Bill Ives has summarized a Forrester report on “What’s Holding Back Your Intranet?”. The findings are not surprising.

“They found that 93% of employee respondents said they use an intranet or company portal (Forrester uses the terms interchangeably) at least weekly, and more than half reported daily use. However, they found that these intranets were mostly accessed for basic functions such as company directory, benefits information, and payroll. Access to collaborative tools, what some might called an enterprise 2.0 capability was ranked fourteenth.”

A Look Behind The Curtain At YouTube’s User Experience Research

Jason Kincaid writes about how YouTube tries to constantly test out and understand how its users are using the website.

“To help gauge the Watch page’s ideal layout, YouTube invited in a number of users and gave them magnets that represented different elements from YouTube and other popular video sites. The results were not surprising, but they present an interesting challenge to YouTube: the vast majority of users chose to streamline their page as much as possible, featuring a large video player, a search box, and a strip of related videos.
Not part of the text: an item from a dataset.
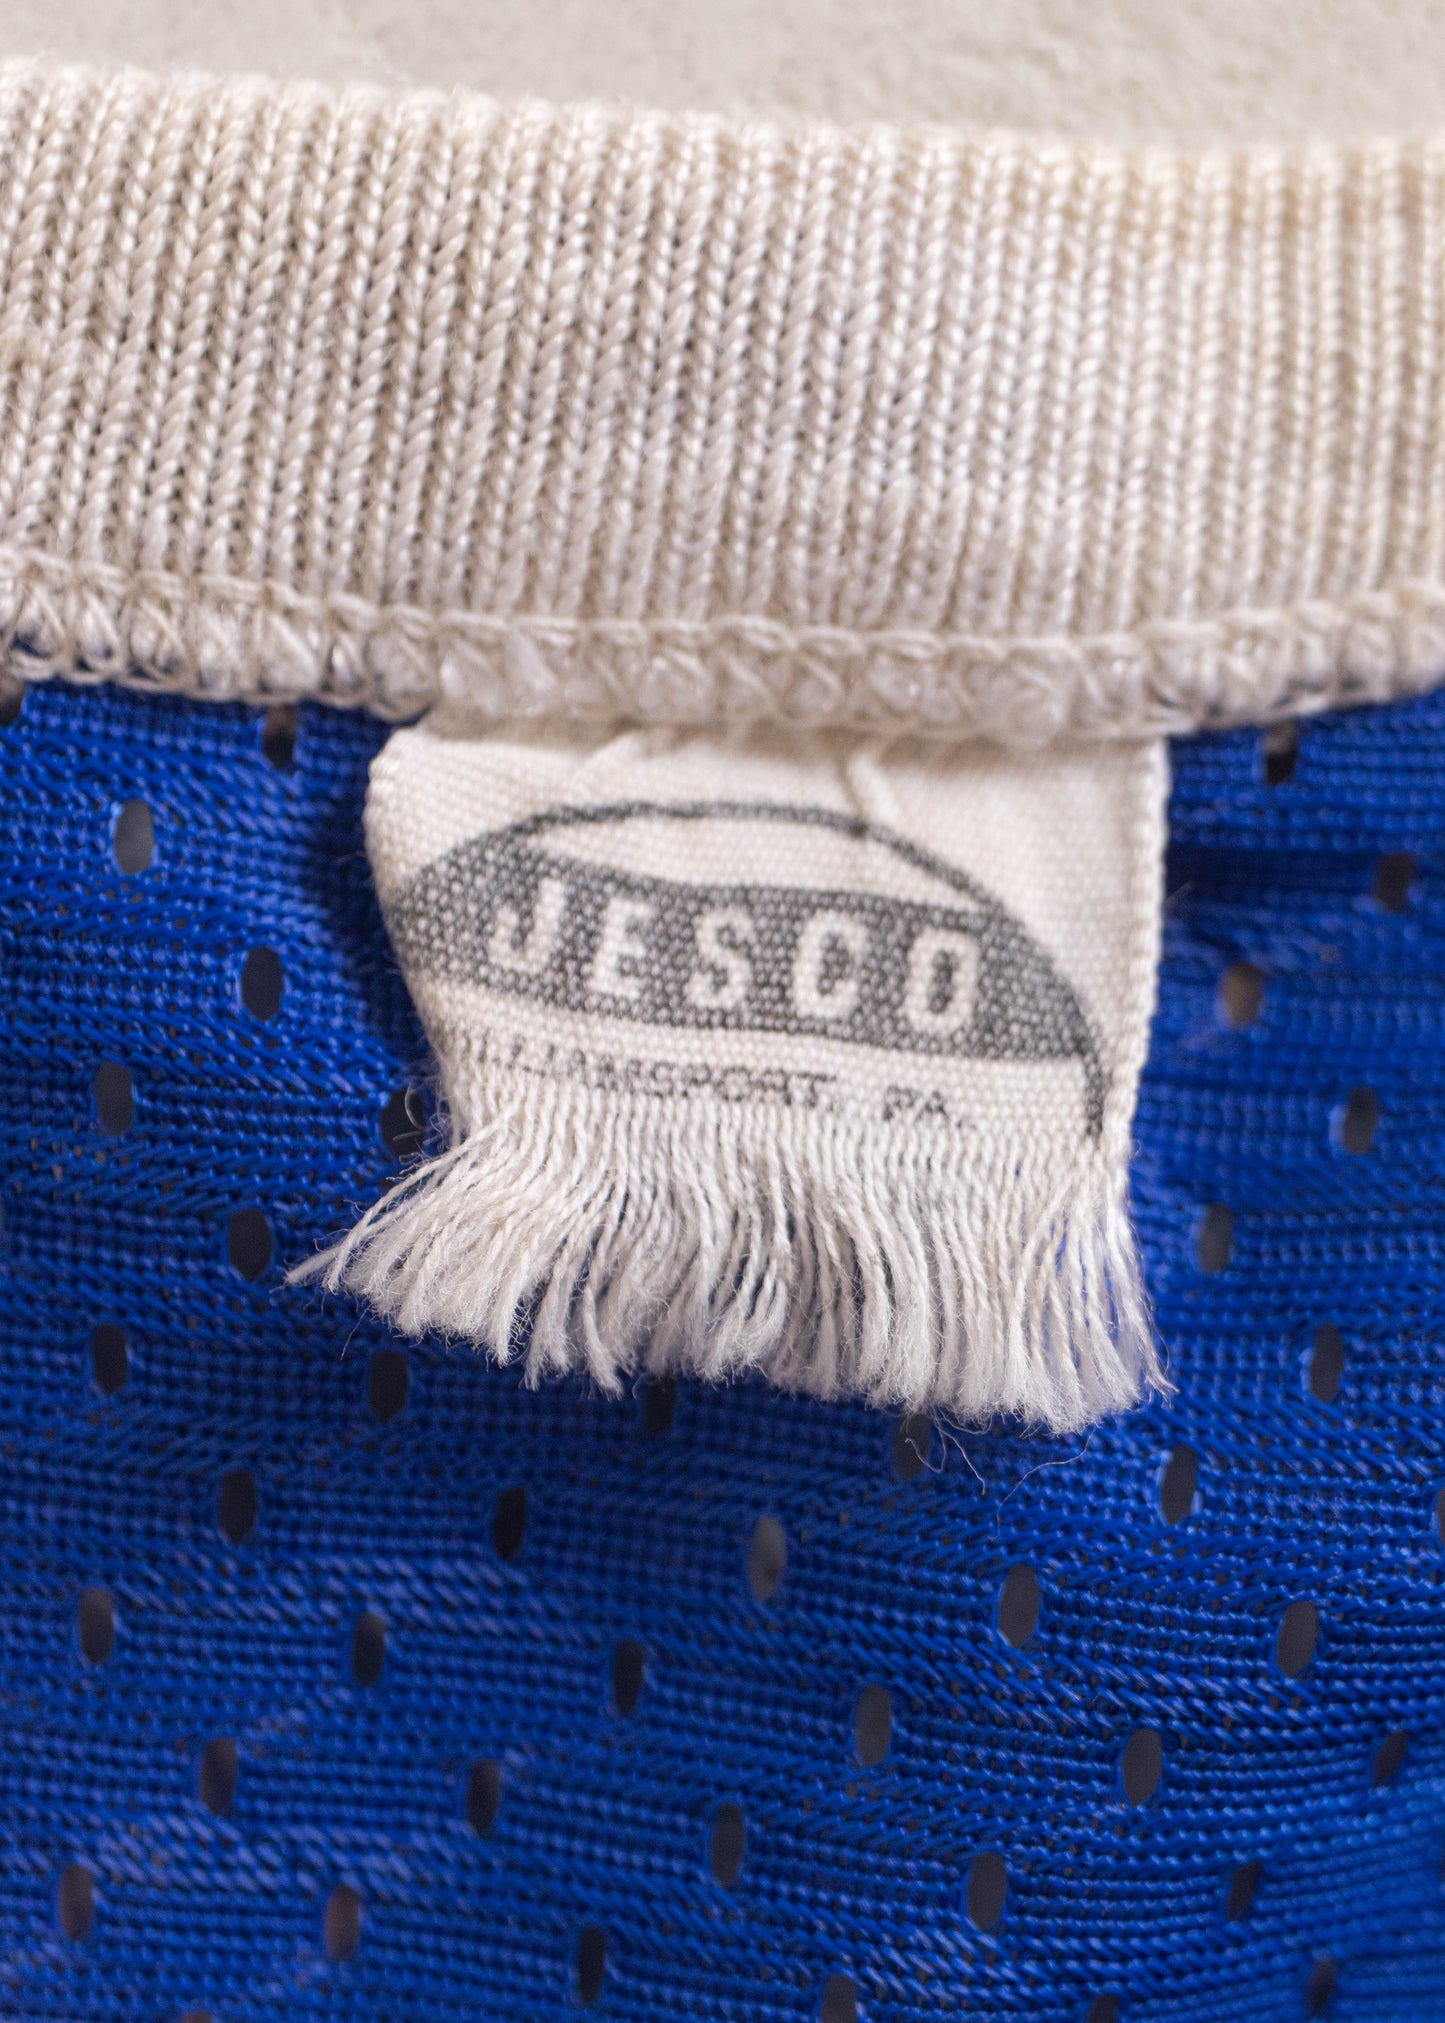 Vintage 1980s Jesco Sportsman Shop Mesh Sport Jersey Size S/M

But the site’s heavy uploaders, who are obviously key to YouTube’s success, tended to favor a more complex site with a greater emphasis on analytics, sharing, and social interaction.

YouTube’s task is to figure out a way to appeal to both sets of users.”

HBR: The Simplest Way to Reboot Your Brain

The Harvard Business Review has an article by Robert Stickgold where he writes about the benefits of sleep:

“A report in the June 2009 Proceedings of the National Academy of Sciences showed that a nap with REM (or “dream”) sleep improves people’s ability to integrate unassociated information for creative problem solving, and study after study has shown that sleep boosts memory. If you memorize a list of words and then take a nap, you’ll remember more words than you would without sleeping first. Even micronaps of six minutes—not including the time it takes to fall asleep, which is about five minutes if you’re really tired—make a difference.”